> EXERCISE OBJECTIVE
Print the lines below from the line with "A complete backup of kenzha.ru" to the line with "Leticia V-Neck A-Line/Princess" exactly, keeping both ends, and print no pictures.

> DATA SUPPLIED
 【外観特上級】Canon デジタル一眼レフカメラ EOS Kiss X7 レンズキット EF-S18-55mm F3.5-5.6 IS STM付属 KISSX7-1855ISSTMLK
--
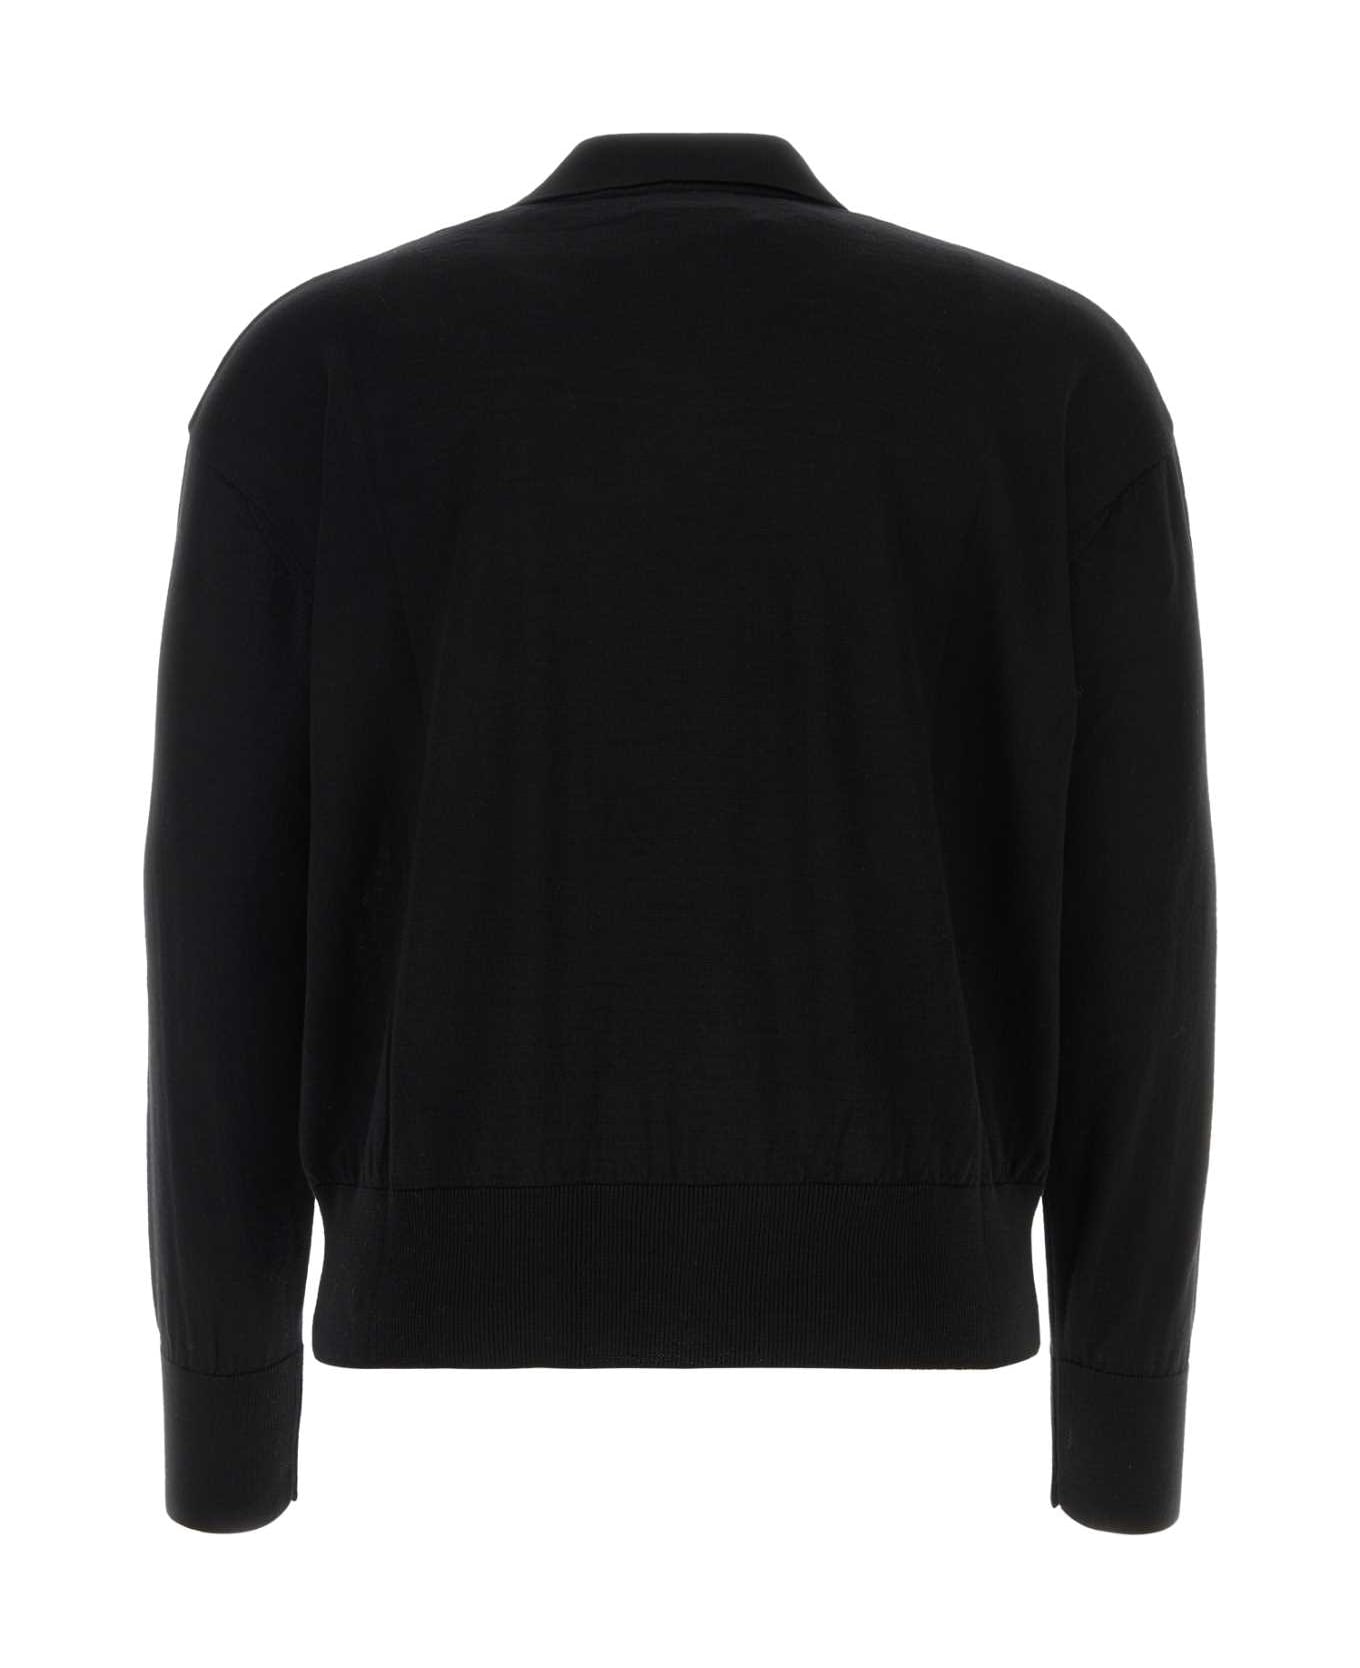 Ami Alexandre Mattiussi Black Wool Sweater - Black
* * *
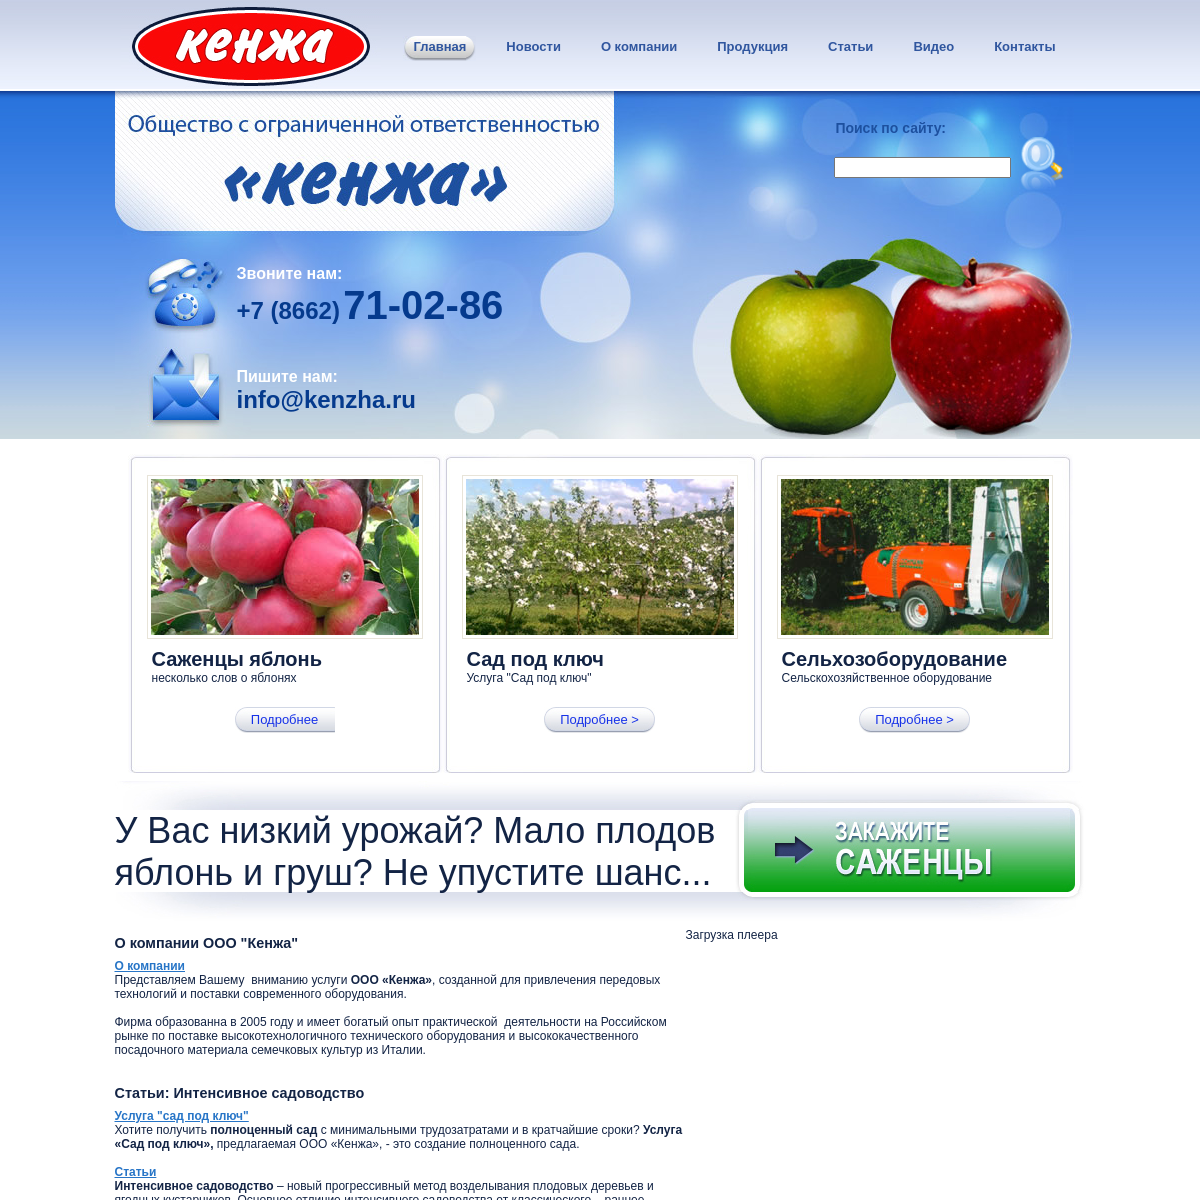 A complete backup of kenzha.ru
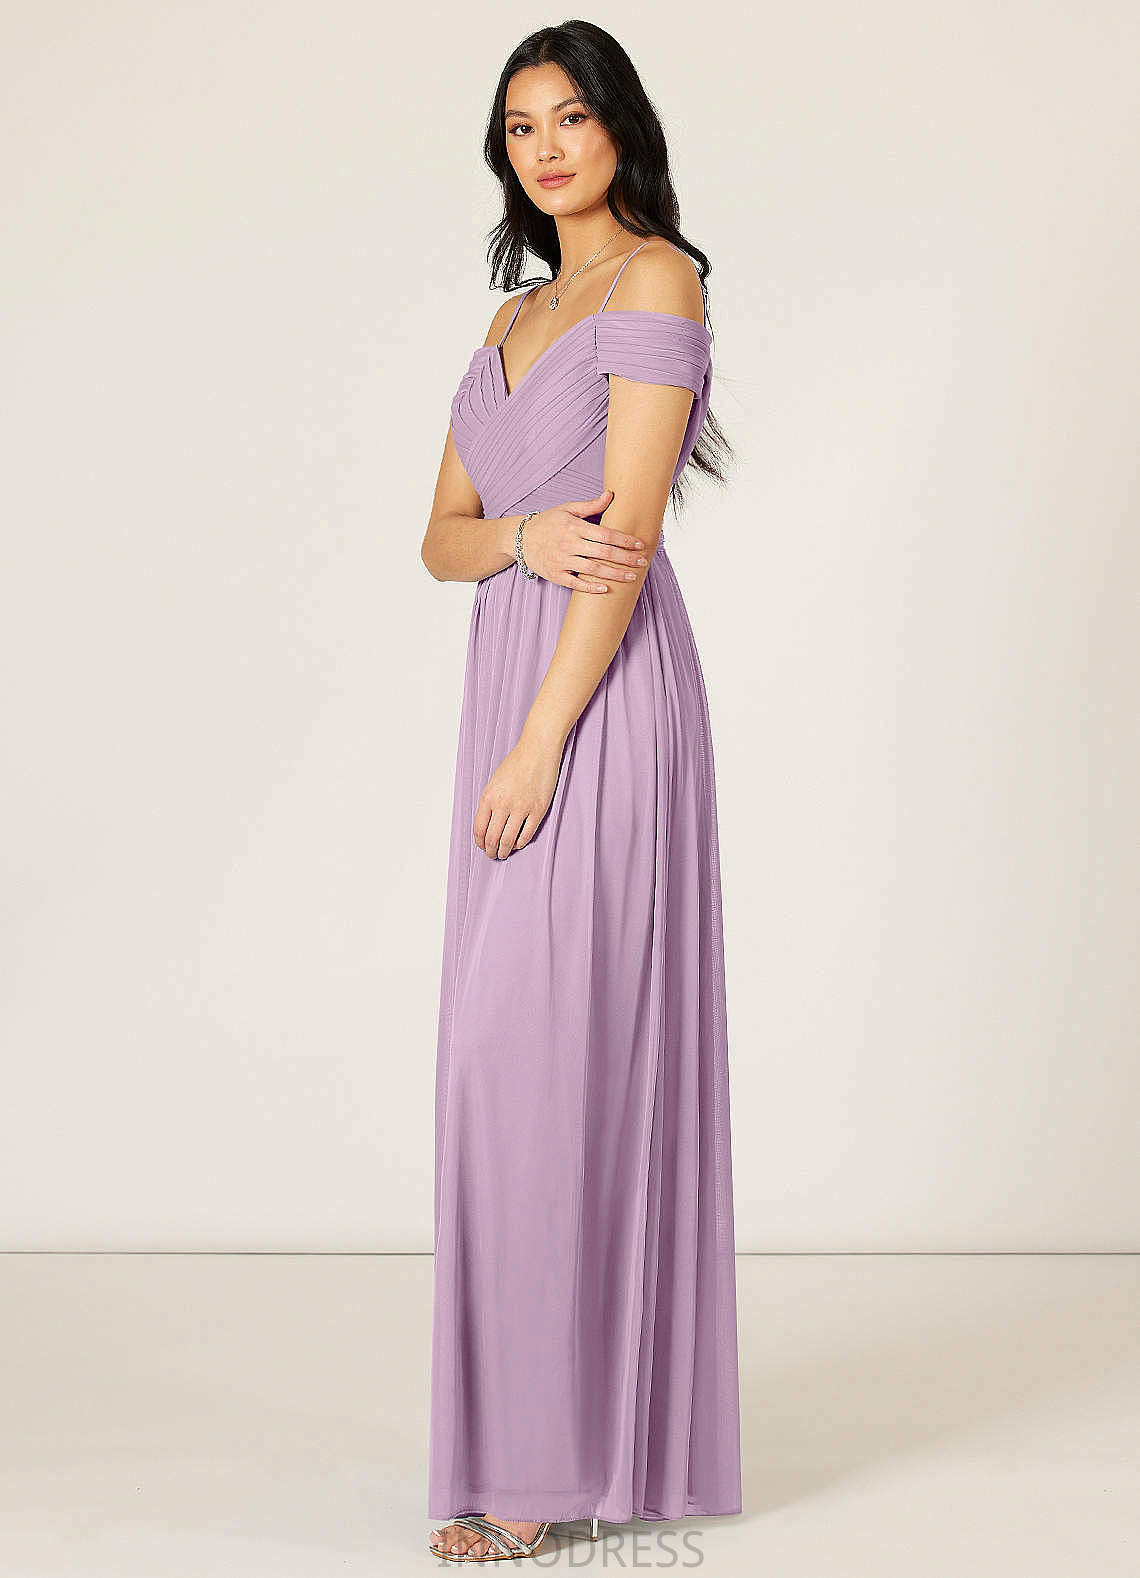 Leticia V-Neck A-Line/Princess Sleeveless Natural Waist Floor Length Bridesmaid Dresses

> RESPONSE TO THIS TASK
 A complete backup of kenzha.ru
 Leticia V-Neck A-Line/Princess Sleeveless Natural Waist Floor Length Bridesmaid Dresses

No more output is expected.